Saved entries
+--
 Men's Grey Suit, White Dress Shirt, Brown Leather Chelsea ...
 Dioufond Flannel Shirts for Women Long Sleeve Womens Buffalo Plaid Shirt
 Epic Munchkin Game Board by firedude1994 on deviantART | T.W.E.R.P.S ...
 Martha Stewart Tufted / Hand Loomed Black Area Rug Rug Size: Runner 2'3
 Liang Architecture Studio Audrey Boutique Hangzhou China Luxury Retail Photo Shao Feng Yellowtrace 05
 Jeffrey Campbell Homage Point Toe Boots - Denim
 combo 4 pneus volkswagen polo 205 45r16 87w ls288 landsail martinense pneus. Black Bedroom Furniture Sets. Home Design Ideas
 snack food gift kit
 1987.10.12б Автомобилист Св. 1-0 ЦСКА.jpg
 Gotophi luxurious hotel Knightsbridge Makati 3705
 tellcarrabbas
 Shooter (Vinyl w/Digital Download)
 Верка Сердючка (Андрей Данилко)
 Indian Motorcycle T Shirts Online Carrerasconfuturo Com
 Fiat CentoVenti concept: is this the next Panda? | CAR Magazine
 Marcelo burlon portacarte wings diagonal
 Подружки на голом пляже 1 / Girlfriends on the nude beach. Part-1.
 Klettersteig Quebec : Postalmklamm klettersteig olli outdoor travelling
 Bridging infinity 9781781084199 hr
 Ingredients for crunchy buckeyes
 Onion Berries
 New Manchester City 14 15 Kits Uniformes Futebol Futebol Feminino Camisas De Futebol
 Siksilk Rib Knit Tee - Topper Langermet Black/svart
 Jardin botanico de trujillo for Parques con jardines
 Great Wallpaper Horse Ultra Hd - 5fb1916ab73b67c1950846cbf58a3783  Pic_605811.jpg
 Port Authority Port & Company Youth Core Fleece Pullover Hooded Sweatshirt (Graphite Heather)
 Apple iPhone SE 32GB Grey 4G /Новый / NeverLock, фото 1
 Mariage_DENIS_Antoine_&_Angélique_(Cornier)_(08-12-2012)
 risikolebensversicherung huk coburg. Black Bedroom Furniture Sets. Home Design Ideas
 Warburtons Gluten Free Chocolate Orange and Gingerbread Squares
+--
Exercise -
Lines from the top of the entries above to the line that contains "Epic Munchkin Game" should be set down exactly, please, with both ends kept and nothing added.

Result below -
 Men's Grey Suit, White Dress Shirt, Brown Leather Chelsea ...
 Dioufond Flannel Shirts for Women Long Sleeve Womens Buffalo Plaid Shirt
 Epic Munchkin Game Board by firedude1994 on deviantART | T.W.E.R.P.S ...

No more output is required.